A preview performance of our stories at Red Books went well. Performing is always healing, as is the coherence of a story formed and perfected. For a moment the dross falls away and clarity is achieved. The contradictions and ironies become the sinews of reality. For a moment.

Only one mask wearer, who in a situation of presence was absent. And that is one function of the mask, to protect oneself against the presence of the other and to protect the other against one’s own presence, to become effectively, as absent as possible. That is the rationality for the burqa, to protect the woman against serial male desire and to protect the woman from reciprocating. Presence and desire are then privatised to the patriarch’s bedroom.

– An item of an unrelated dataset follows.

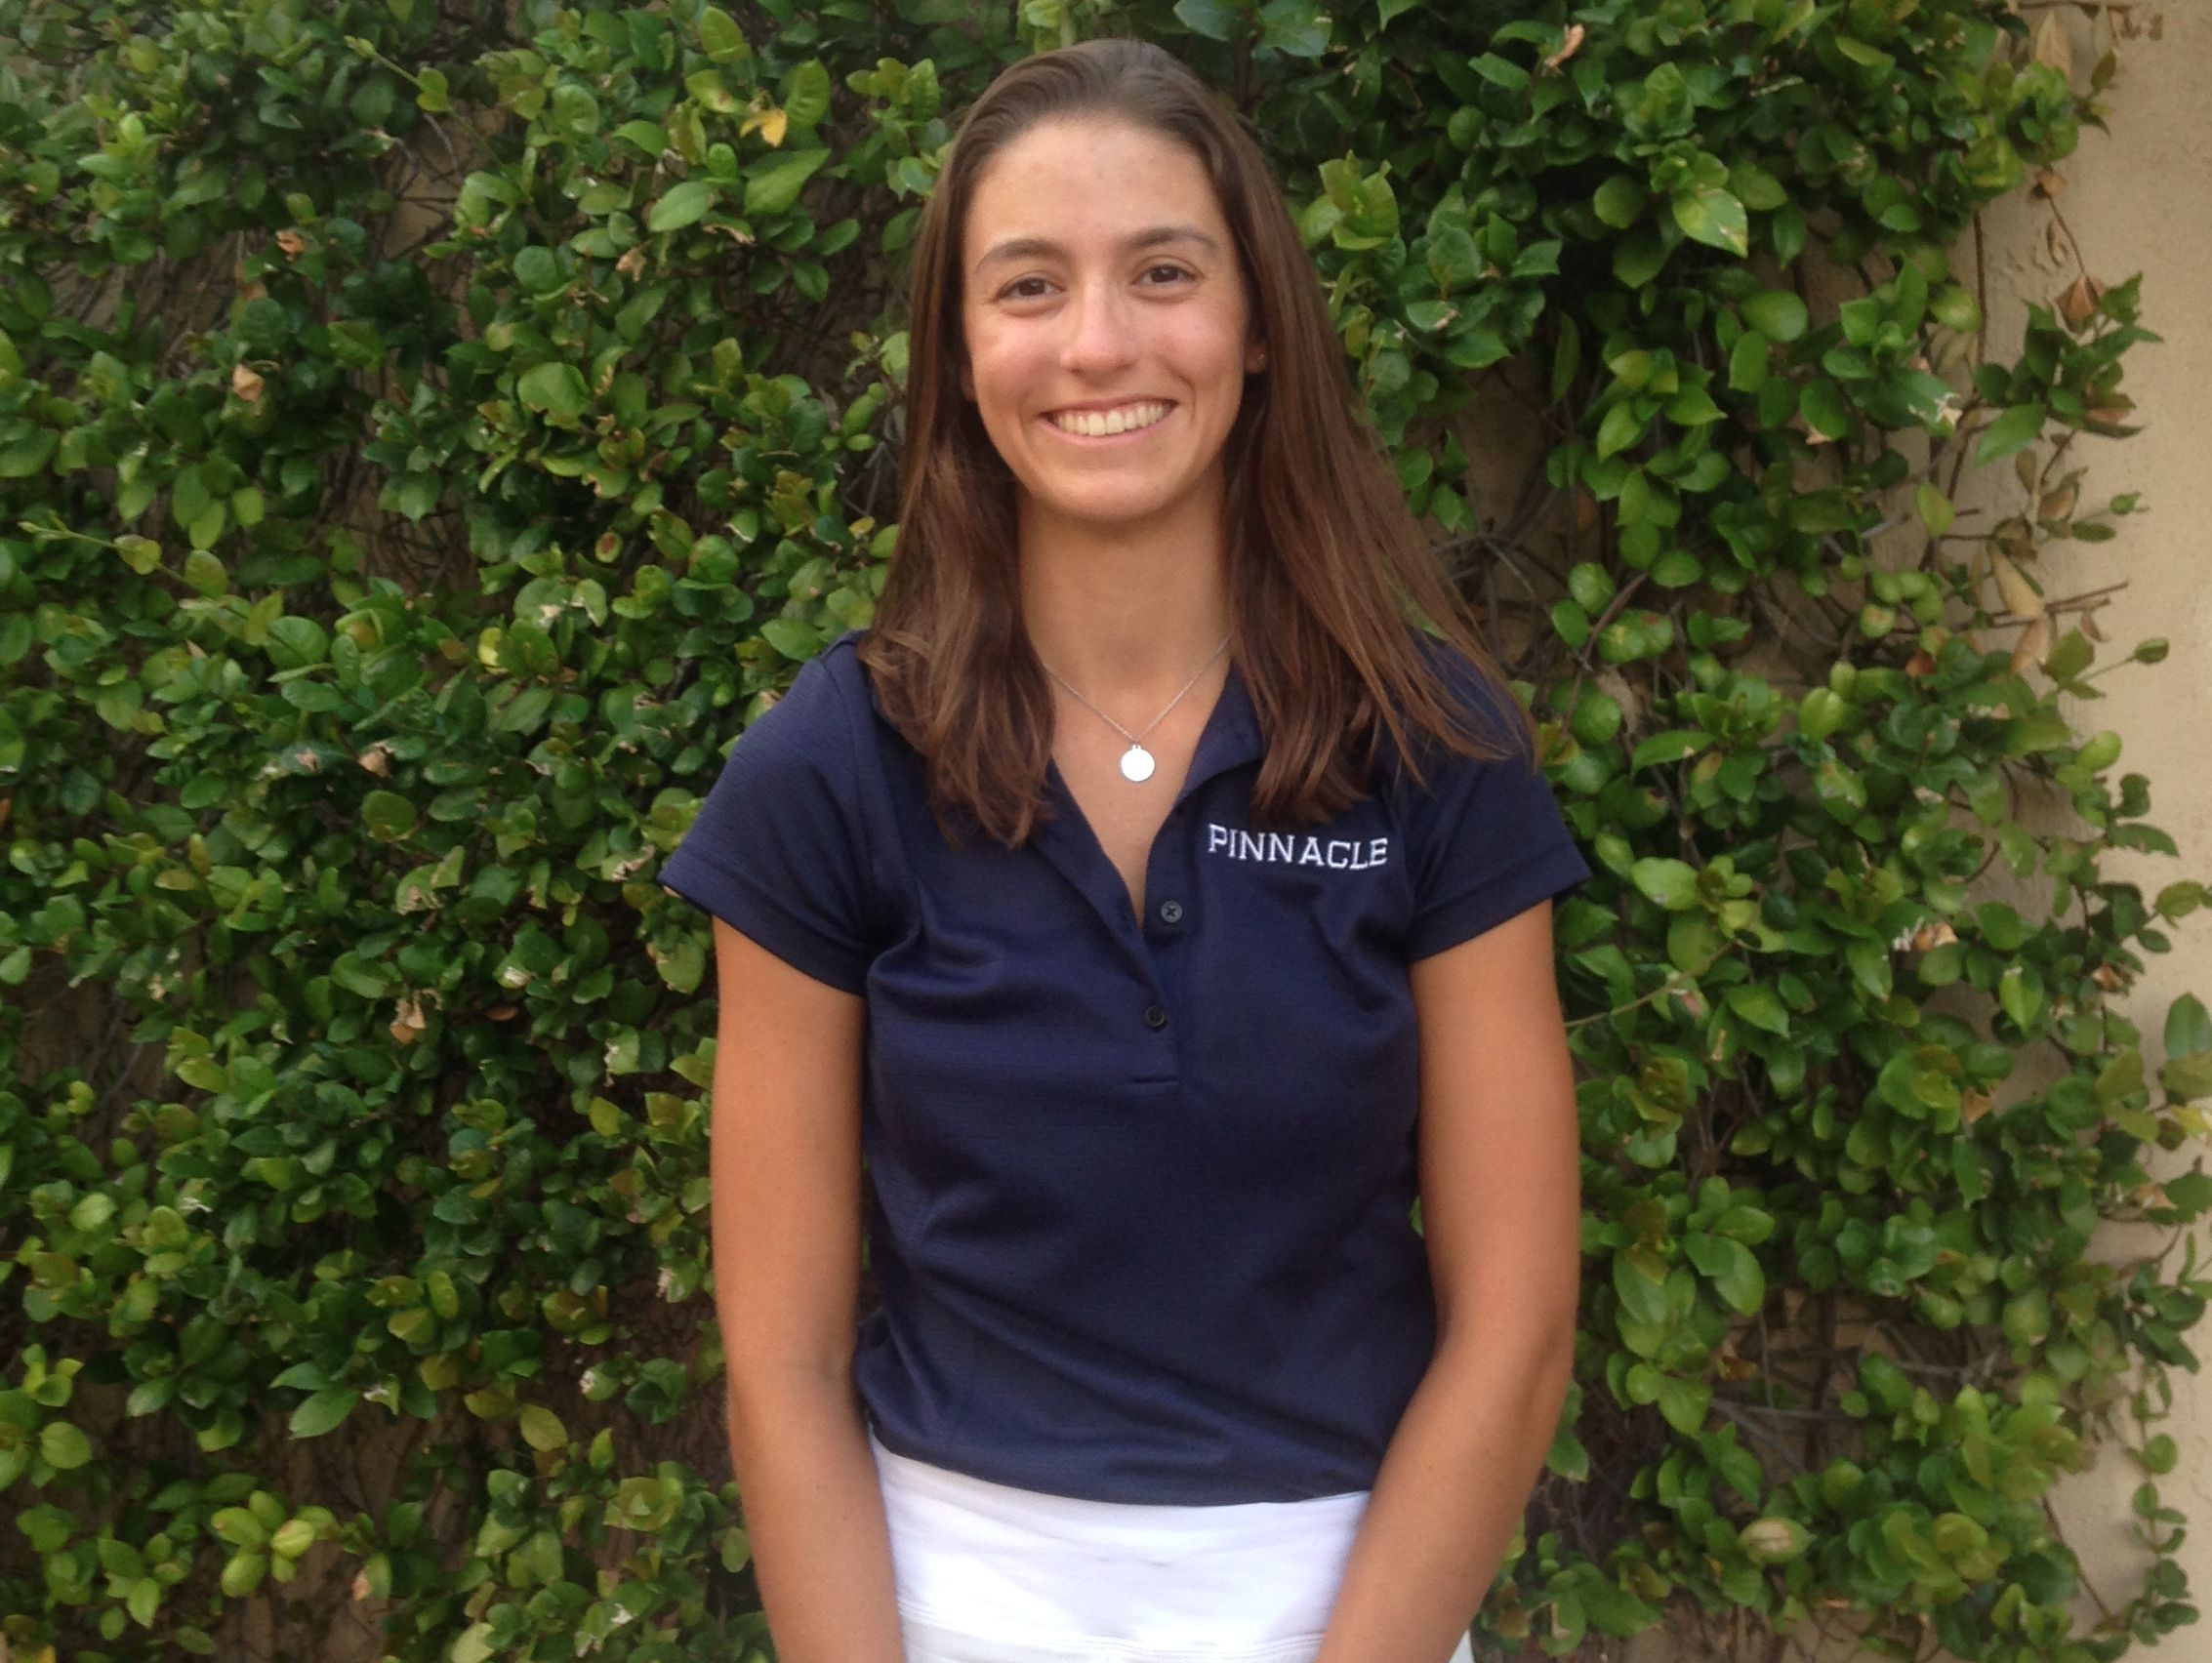 Phoenix Pinnacle golfer Sara Padilla is azcentral sports' Female Athlete of the Week.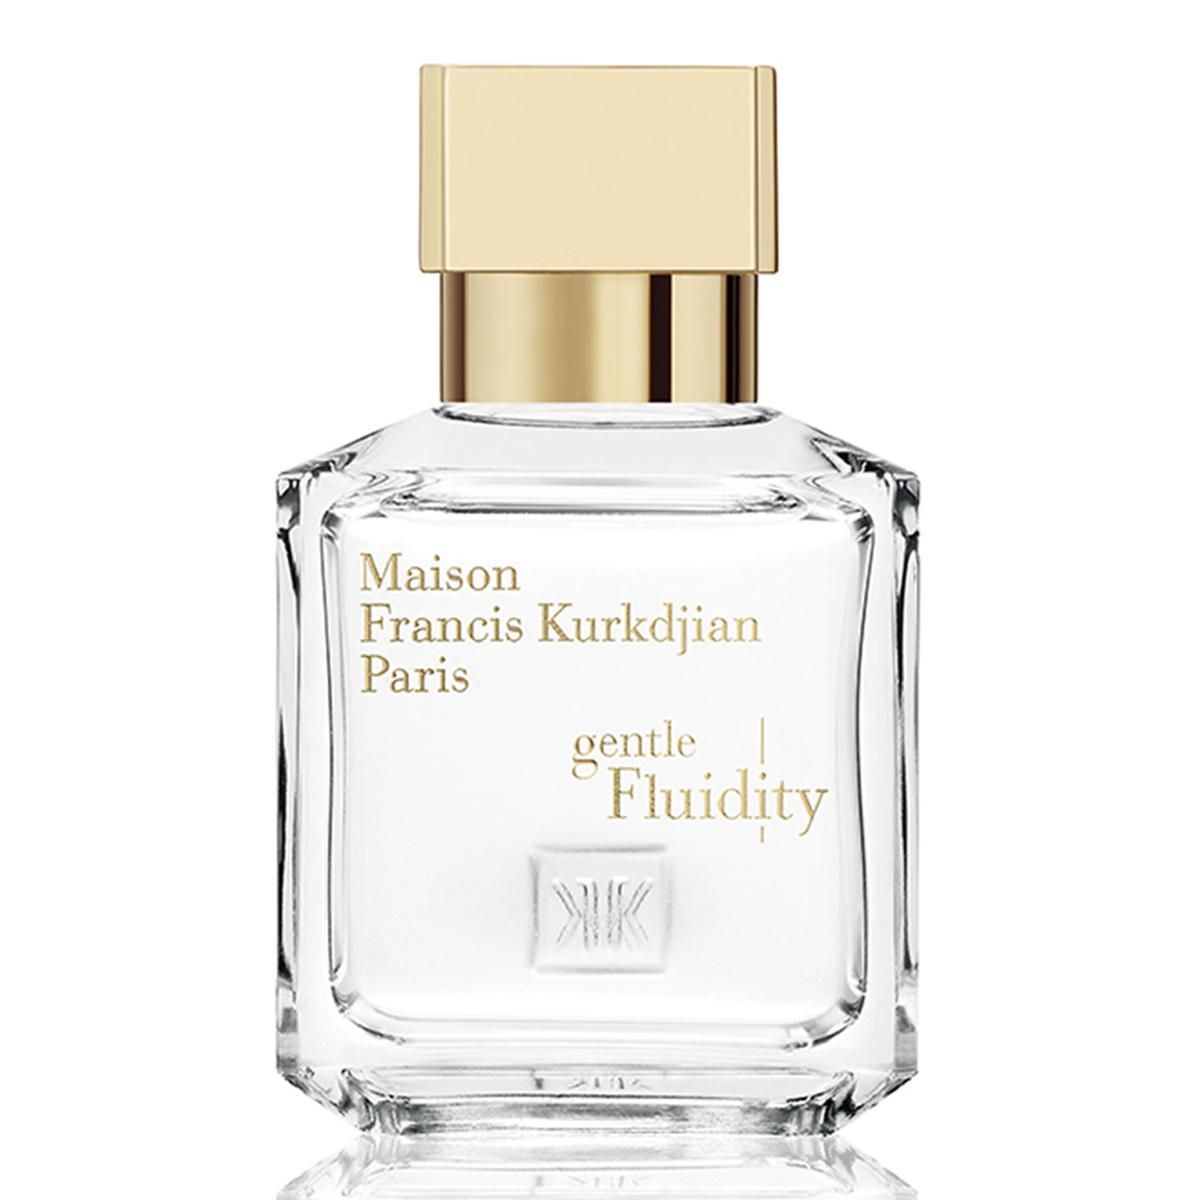 maison francis kurkdjian gentle fluidity gold eau de parfum

A contrary function of the mask is to allow freedom of the libido, as in the carnival. For the Zapatista the mask protects the ‘we’ from the state gaze. And one of the ironies of any mandatory mask wearing will be to sabotage CCTV and facial recognition systems.

Meanwhile, the Greenland ice cap has melted. The canary is dead with barely a mention in the media.

Back to the despair of trying to forge different relationships in the real world. There’s a bulk food store for sale in Greymouth, the perfect venture for Te Puawai Co-op to facilitate an Invercargill style venture (www.thepantry.co.nz) where such a facility is run by a collective which involves people with a disability. Despite Provincial Growth Funds, mayoral job funds, Development West Coast, employment schemes, wage subsidies, various NGOs advocating for the disabled, there is no effective interest. If we did get something off the ground a saboteur would appear, a system centred buyer. For the sake of some minimal capital nothing transformative will happen outside the sphere of art.

The Greenland ice cap has melted. The canary is dead.

A sign outside a café: Now that you have learned to wash your hands children, we will learn to put our chairs under our desks neatly.  Jacinda has become over exposed. There’s a visceral rebellion welling up which could seriously fragment the political landscape.

A commentator has described the current world as no longer capitalist, but neo feudal, with kings and queens, an aristocracy, a gentry, guilds of skilled workers, and at the bottom serfs no longer tied to land but tied to pracarity: a cheap rental if you’re lucky, or a cheap car, a shopping trolley, a sleeping bag, a cell phone if you’re unlucky… Within this the search for transformative relationship is hugely difficult: how to create the autonomous zone, the commune, how to link up effectively while respecting diversity? There are promising signs that the new age impulse is becoming politicised, past the privilege of food choice, life style block and mouse-click environmentalism, leading to the seeking of relations of solidarity not within or against but outside the feudal system.

Signs and signals.

I suddenly remember our production of Oedipus in the late seventies, couched as an environmental statement, something which I didn’t quite understand at the time; but now it’s obvious: the cursed baby (Western civilisation) saved by a shepherd’s sympathy (think Christ), grows up amongst strangers, loses his temper and kills a man at the crossroads (colonisation), solves the riddle (science), marries his mother in order to become king (the industrial revolution), the plague descends and in trying to find a solution he discovers his own culpability; the solution is to blind himself and go into the wilderness.

The Greenland ice cap has melted. The canary is dead.